A d–dimensional reflected Brownian motion Z is a stochastic process on $\mathbb R^d_+$ uniquely defined by
- a d–dimensional drift vector μ
- a d×d non-singular covariance matrix Σ and
- a d×d reflection matrix R.
where X(t) is an unconstrained Brownian motion with drift μ and variance Σ, and
$Z(t) = X(t) + R Y(t)$
with Y(t) a d–dimensional vector where
- Y is continuous and non–decreasing with Y(0) = 0
- Y_{j} only increases at times for which Z_{j} = 0 for j = 1,2,...,d
- Z(t) ∈ $\mathbb R^d_+$, t ≥ 0.

The reflection matrix describes boundary behaviour.

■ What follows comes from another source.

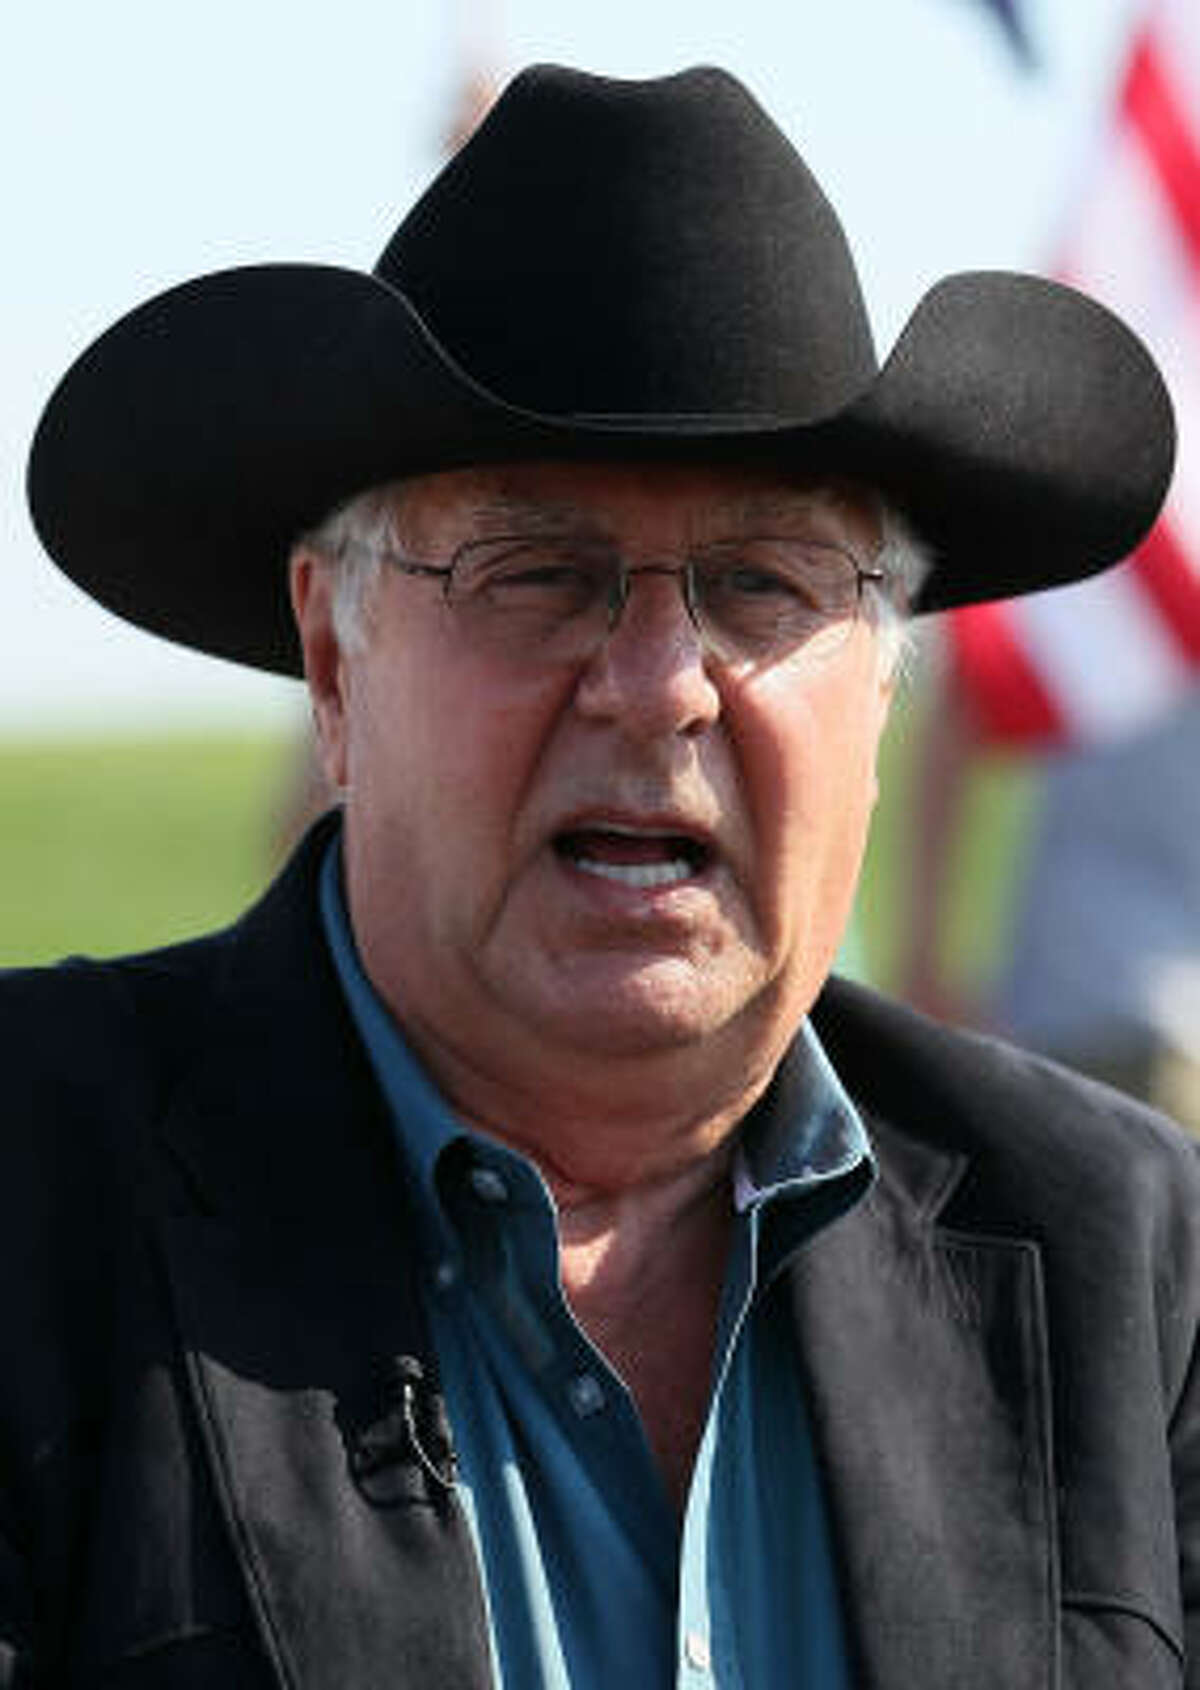 Dick Armey. As the leader of FreedomWorks, a conservative political group, the former congressman has been one of the leading organizers, recruiters and intellectual architects of the tea party movement.

In the interior of $\scriptstyle \mathbb R^d_+$ the process behaves like a Wiener process; on the boundary "roughly speaking, Z is pushed in direction R^{j} whenever the boundary surface $\scriptstyle \{ z \in \mathbb R^d_+ : z_j=0\}$ is hit, where R^{j} is the jth column of the matrix R."
The process Y_{j} is the local time of the process on the corresponding section of the boundary.

==Stability conditions==

Stability conditions are known for RBMs in 1, 2, and 3 dimensions. "The problem of recurrence classification for SRBMs in four and higher dimensions remains open." In the special case where R is an M-matrix then necessary and sufficient conditions for stability are
1. R is a non-singular matrix and
2. R^{−1}μ < 0.

==Marginal and stationary distribution==

===One dimension===
The marginal distribution (transient distribution) of a one-dimensional Brownian motion starting at 0 restricted to positive values (a single reflecting barrier at 0) with drift μ and variance σ^{2} is
$\mathbb P(Z(t) \leq z) = \Phi \left(\frac{z-\mu t}{\sigma t^{1/2}} \right) - e^{-2 \mu z /\sigma^2} \Phi \left( \frac{-z-\mu t}{\sigma t^{1/2}} \right)$
for all t ≥ 0, (with Φ the cumulative distribution function of the normal distribution) which yields (for μ < 0) when taking t → ∞ an exponential distribution
$\mathbb P(Z<z) = 1-e^{-2\mu z/\sigma^2}.$
For fixed t, the distribution of Z(t) coincides with the distribution of the running maximum M(t) of the Brownian motion,
$Z(t) \sim M(t)=\sup_{s\in [0,t]} X(s).$
But be aware that the distributions of the processes as a whole are very different. In particular, M(t) is increasing in t, which is not the case for Z(t).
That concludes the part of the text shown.